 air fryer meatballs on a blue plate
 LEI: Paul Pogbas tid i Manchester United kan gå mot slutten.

...

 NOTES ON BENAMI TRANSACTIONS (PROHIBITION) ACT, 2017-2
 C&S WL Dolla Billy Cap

### Task instructions
Everything from the line containing "air fryer meatballs on a blue plate" through the line containing "LEI: Paul Pogbas" in the material above should be retyped exactly, both ends included, and nothing more.

### Your solution
 air fryer meatballs on a blue plate
 LEI: Paul Pogbas tid i Manchester United kan gå mot slutten.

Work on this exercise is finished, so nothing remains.